» **DATASET CONTENT**
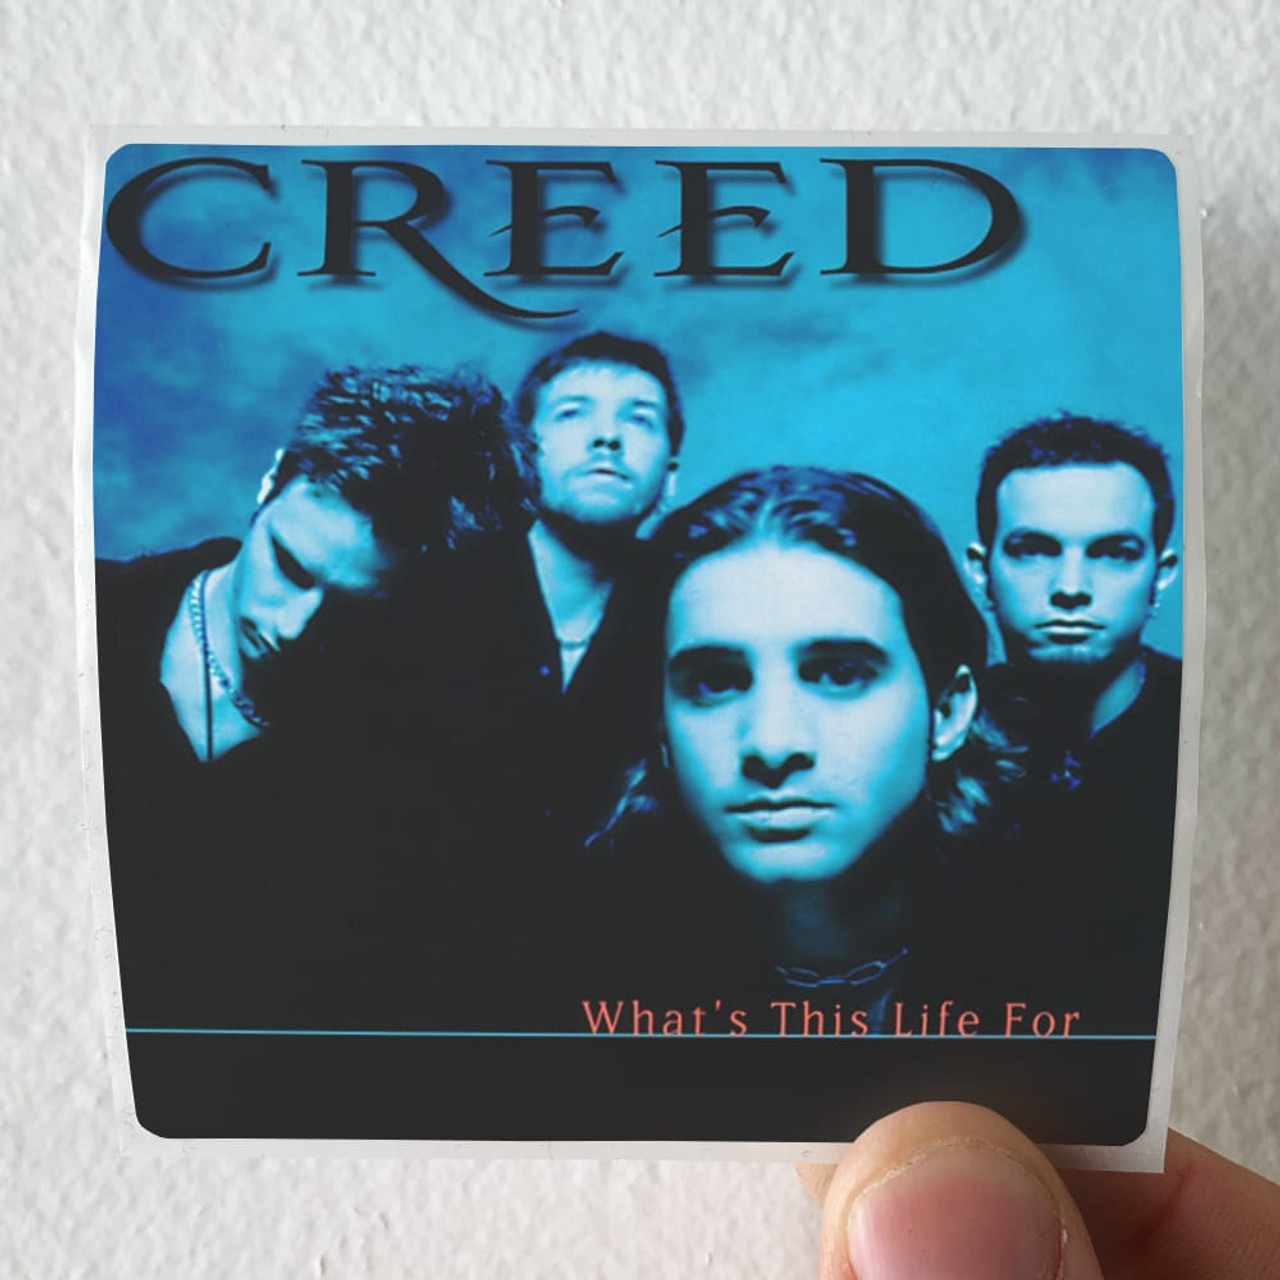 Creed My Sacrifice Album Cover Sticker
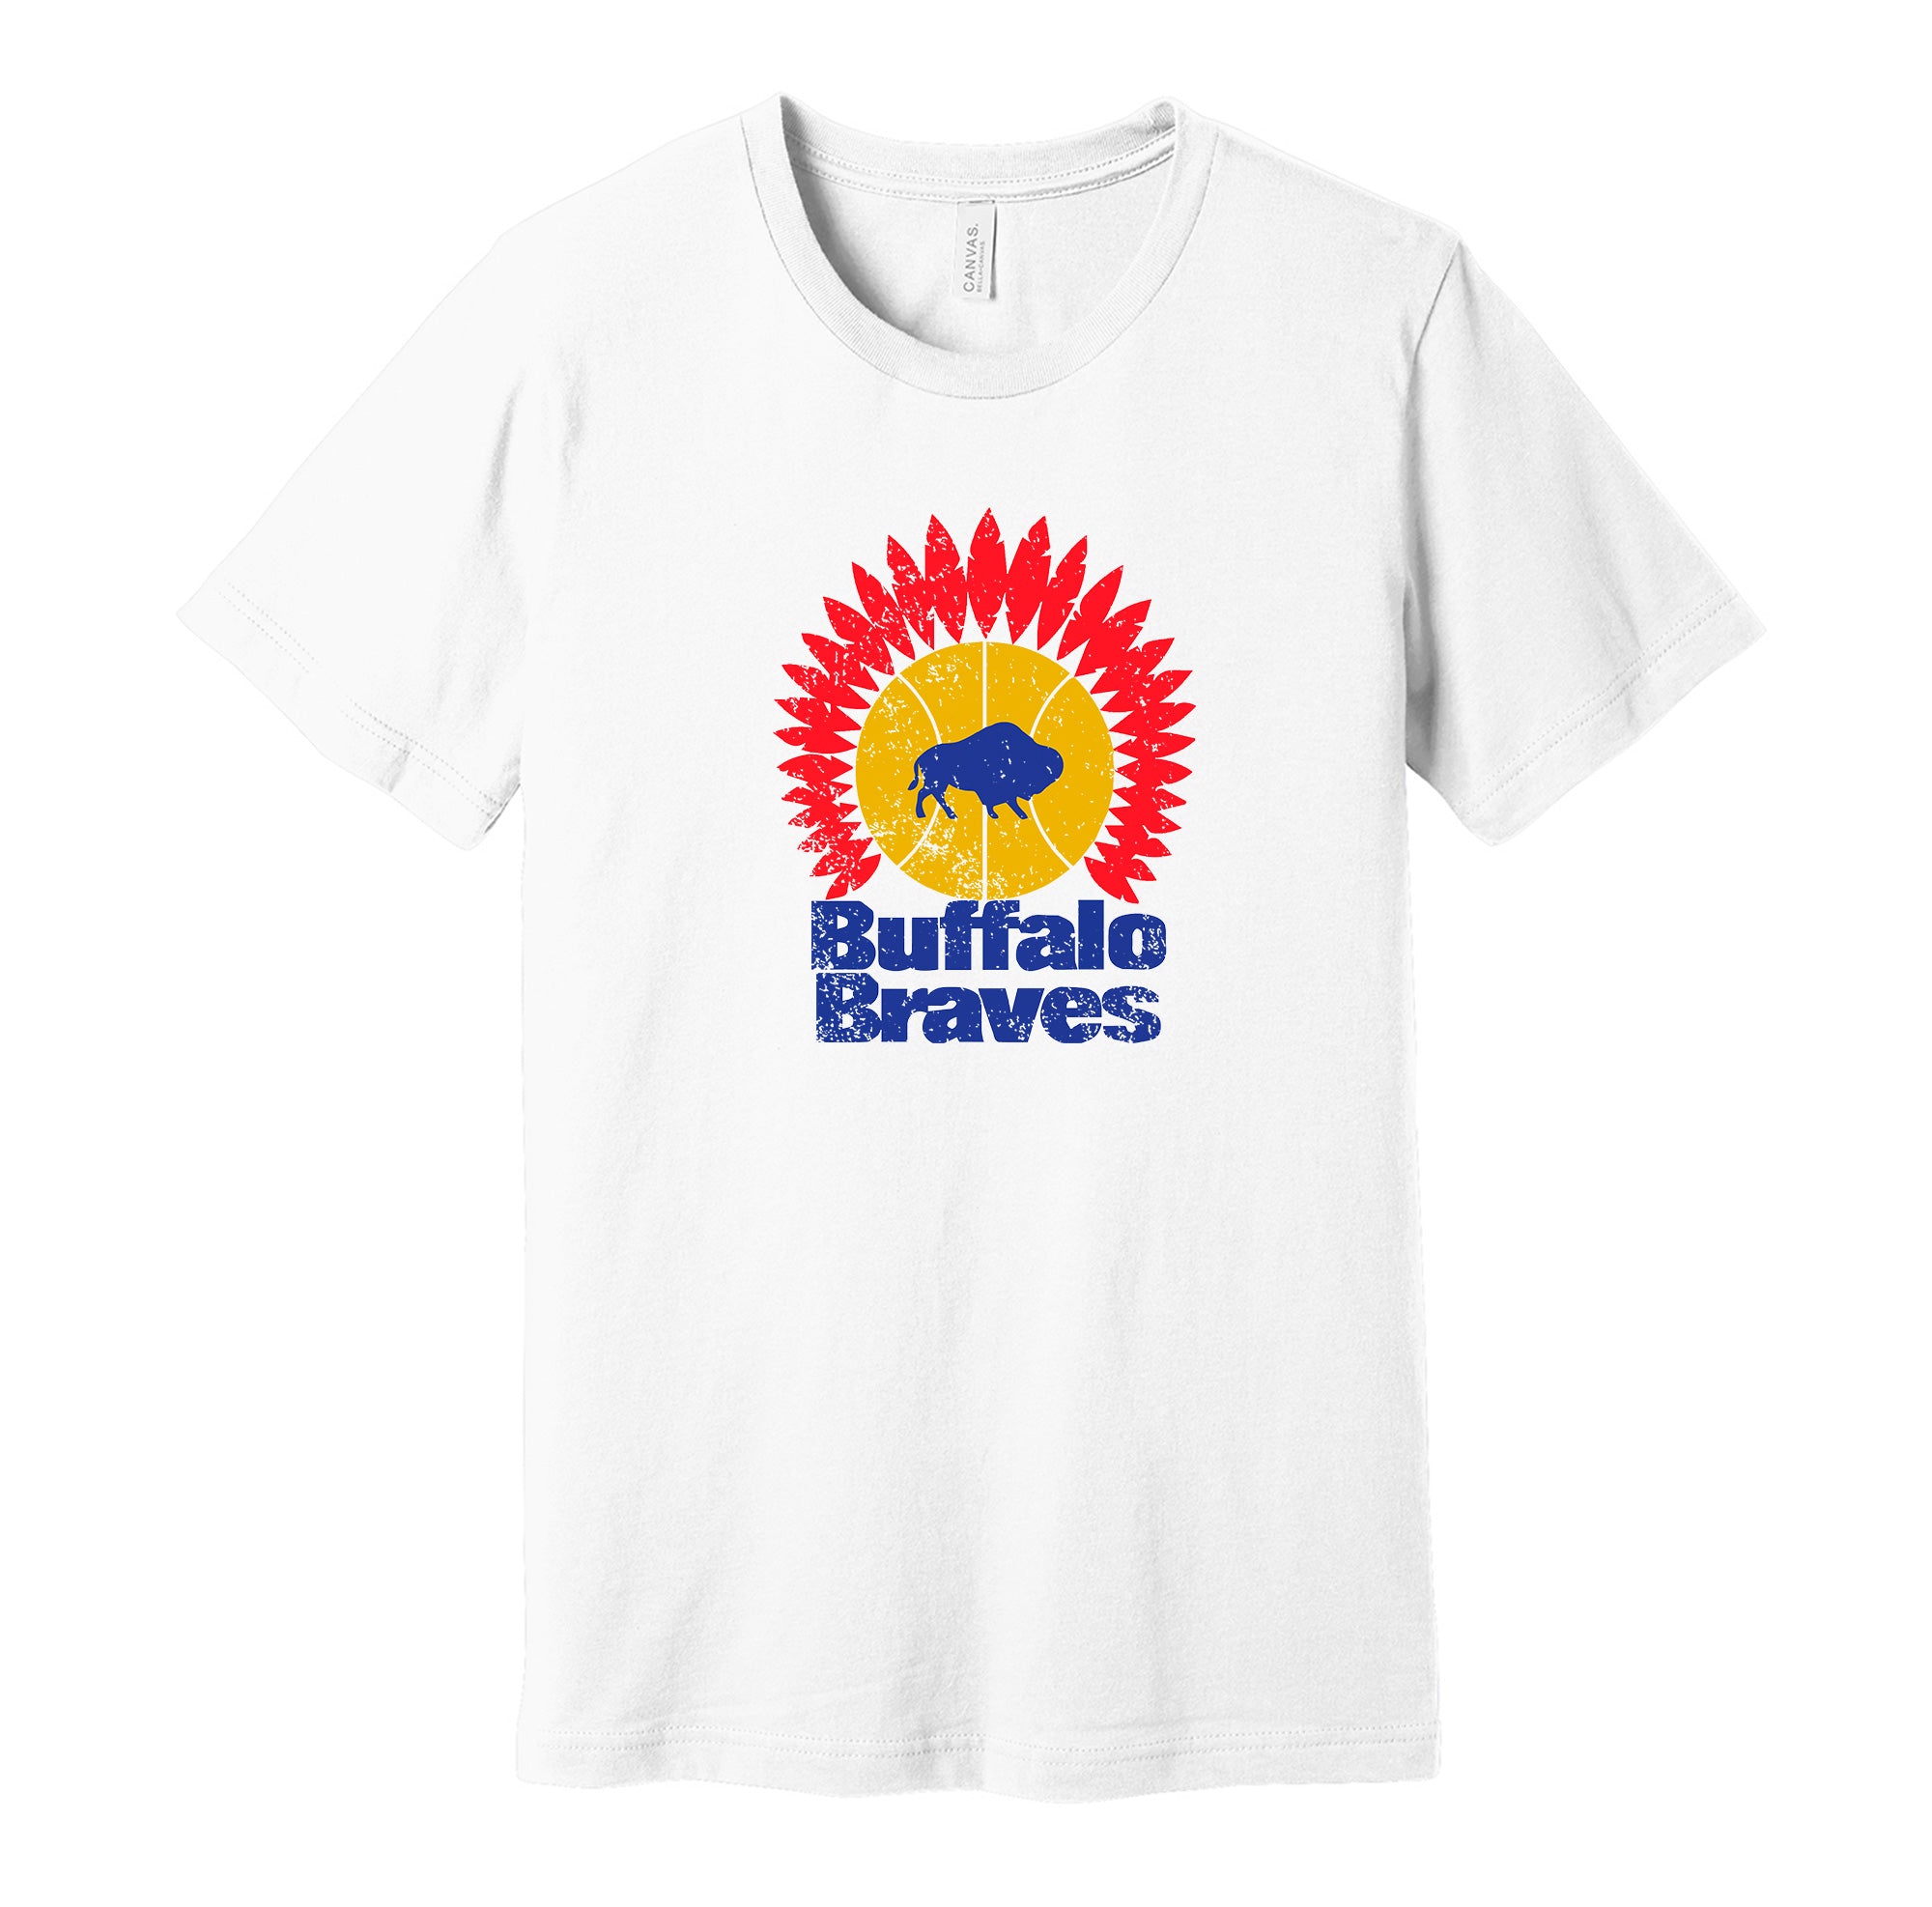  Buffalo Braves 70's Basketball Retro Cool Logo T Shirt
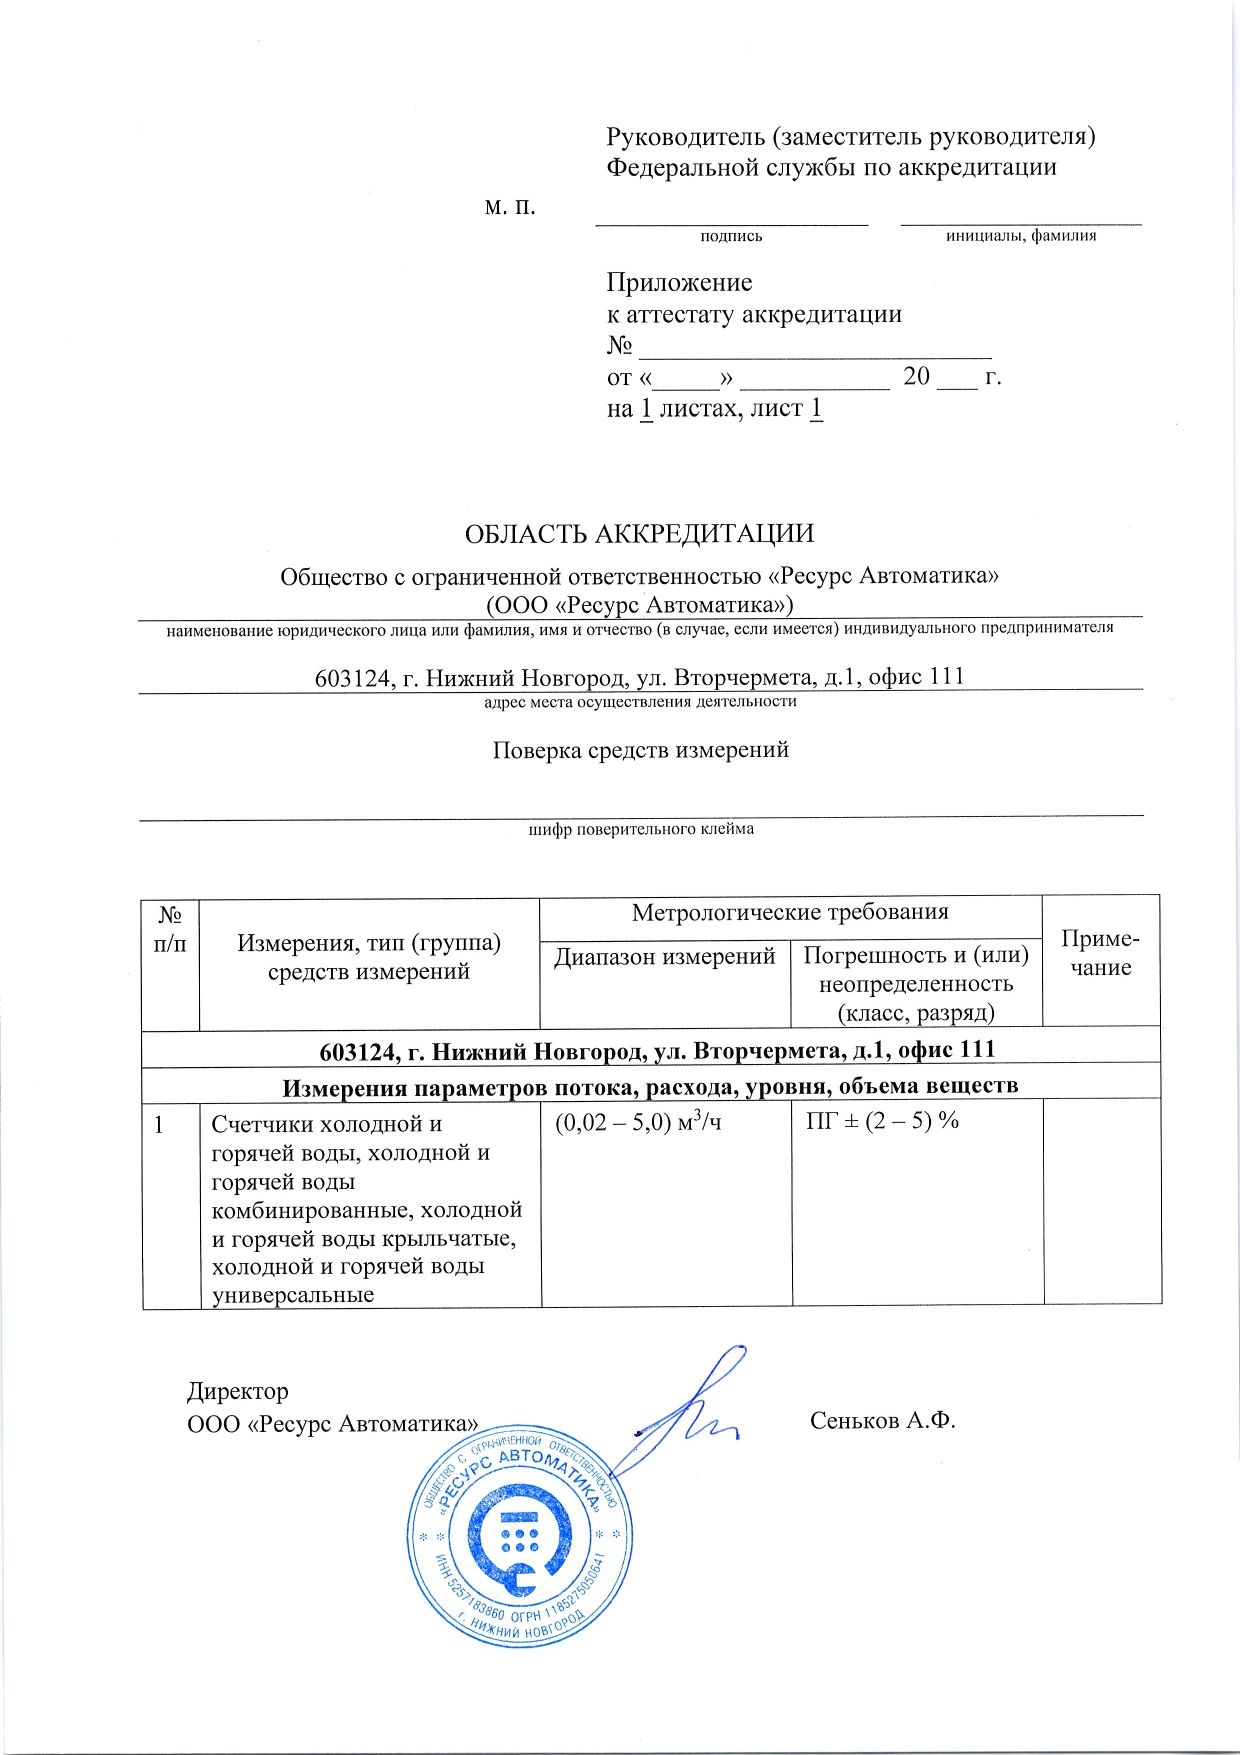 Сертификат ООО "Ресурс Автоматика"

» **WHAT IS NEEDED**
Write the listing above out again exactly, but not the images it holds.

» **WORKED SOLUTION**
 Creed My Sacrifice Album Cover Sticker
  Buffalo Braves 70's Basketball Retro Cool Logo T Shirt
 Сертификат ООО "Ресурс Автоматика"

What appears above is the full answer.